However for all $x\in\mathbb R$ it holds that $x\le f(x)$, so the the optimization problem \begin{aligned} \max_{x \in \mathcal X} \quad & x \\ \textrm{s.t.} \quad & x \leq f(x) \end{aligned} has no solution.


Addendum:

Let's add the constraint that $f$ is continuous, because otherwise I think this is a lost cause. Now, let $x^*$ be the unique fixed point. Then we have either $$\forall z>x^*:\quad z<f(z)\tag{1}$$ or $$\forall z>x^*:\quad z>f(z)\tag{2}$$In case (2) we are indeed done, but in case (1) the optimization problem misses the fixed point.

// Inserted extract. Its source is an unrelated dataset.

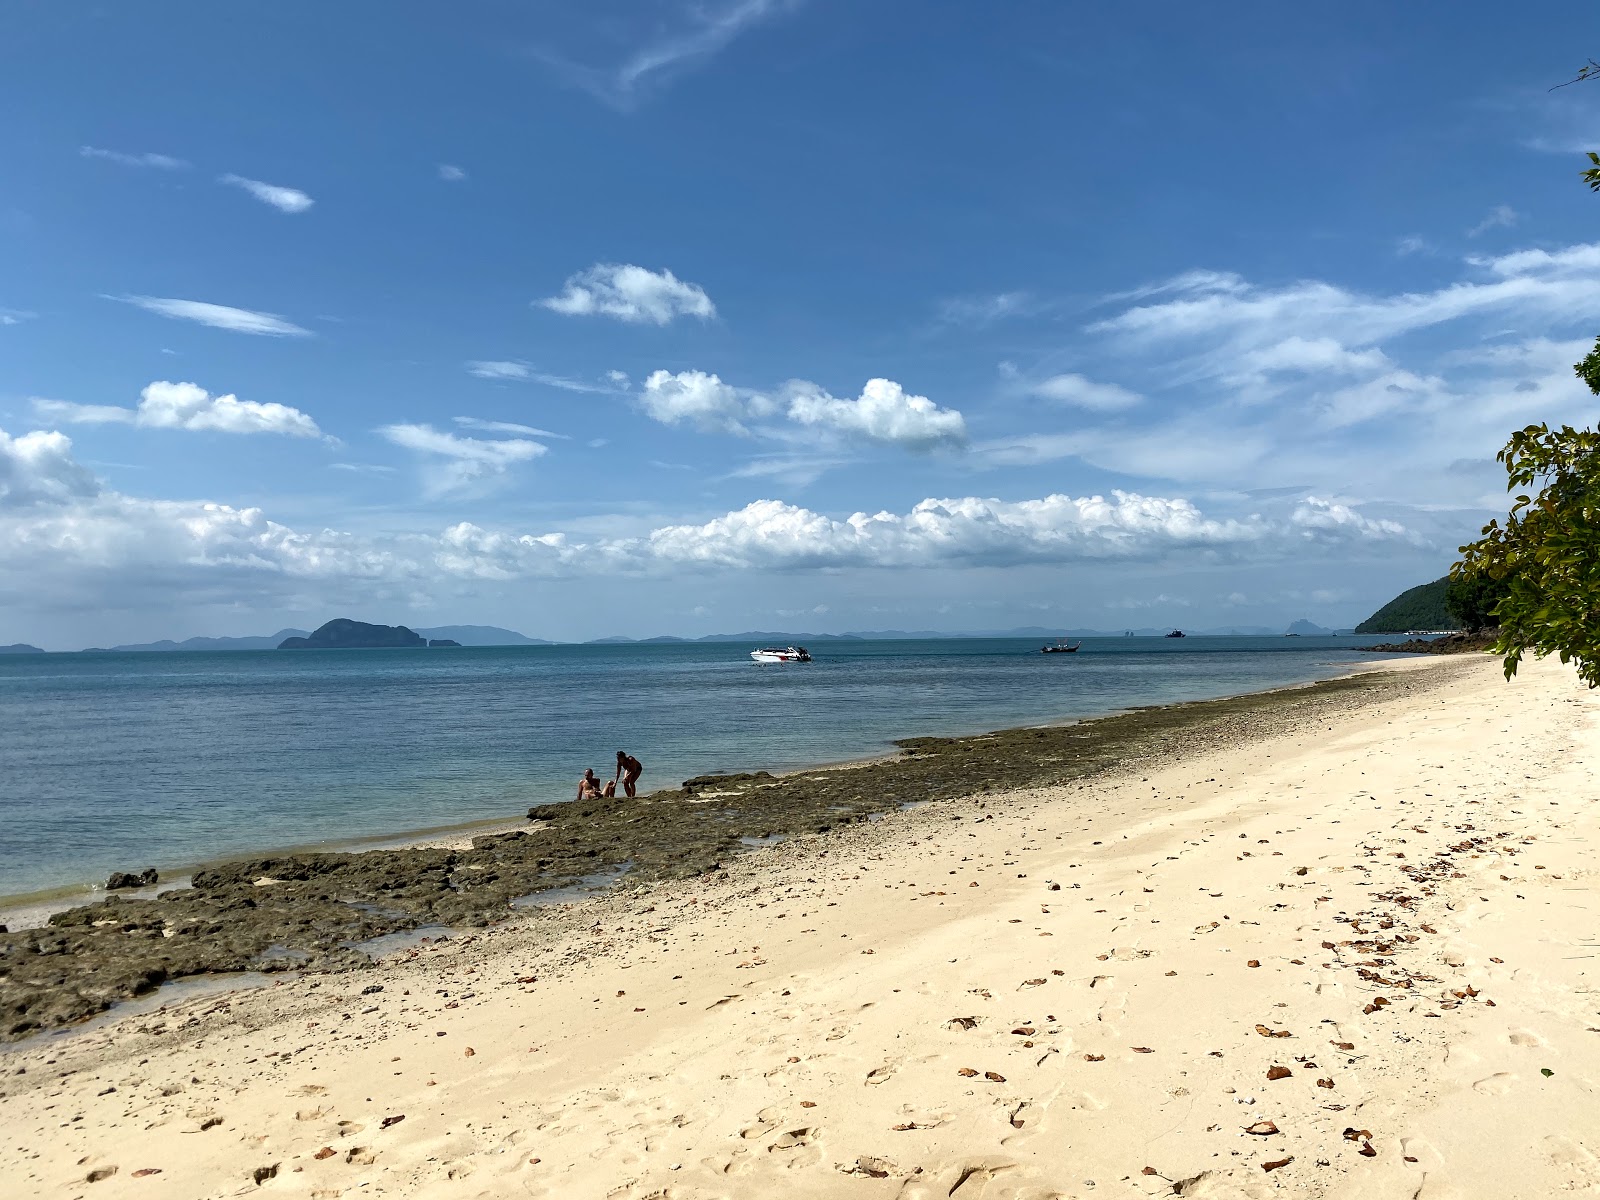 Foto af Ao Muong Beach - populært sted blandt afslapningskendere
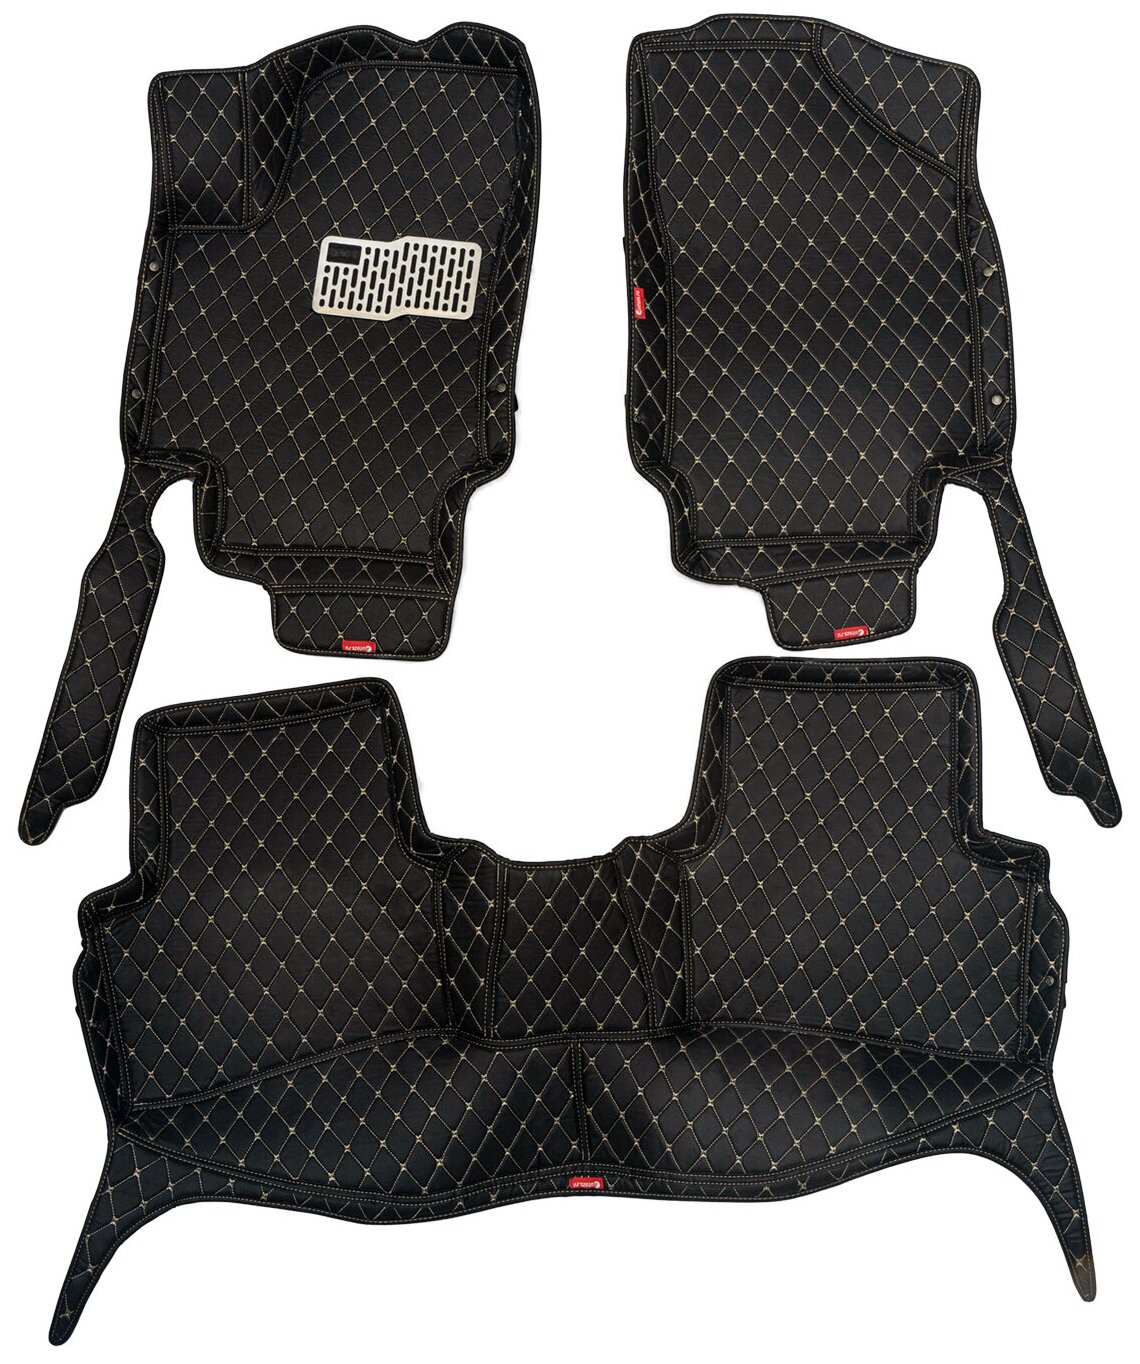 Кожаные 3D коврики Autozs Premium для Volkswagen Passat B8 (2014+) черные с бежевой строчкой / Фольксваген Пассат В8 (2014+) 3Д ковры в автомобиль

So let's look at case (1): In it, we have two subcases: $$\forall z<x^*:\quad z<f(z)\tag{1.1}$$ $$\forall z<x^*:\quad z>f(z)\tag{1.2}$$

In subcase (1.2) we can change the optimization problem to \begin{aligned} \min_{x \in \mathcal X} \quad & x \\ \textrm{s.t.} \quad & x \leq f(x) \end{aligned} and are done.

In subcase (1.1) we have that $\forall z\in\mathbb R:\quad z\le f(z)$ with equality only in $z=x^*$. So we can change the optimization problem to \begin{aligned} \max_{x \in \mathcal X} \quad & x-f(x) \\ \end{aligned} and are done.

So, in the end you have to handle 3 cases, artificially restrict $f$ to be one of those cases, or use a different optimization problem altogether.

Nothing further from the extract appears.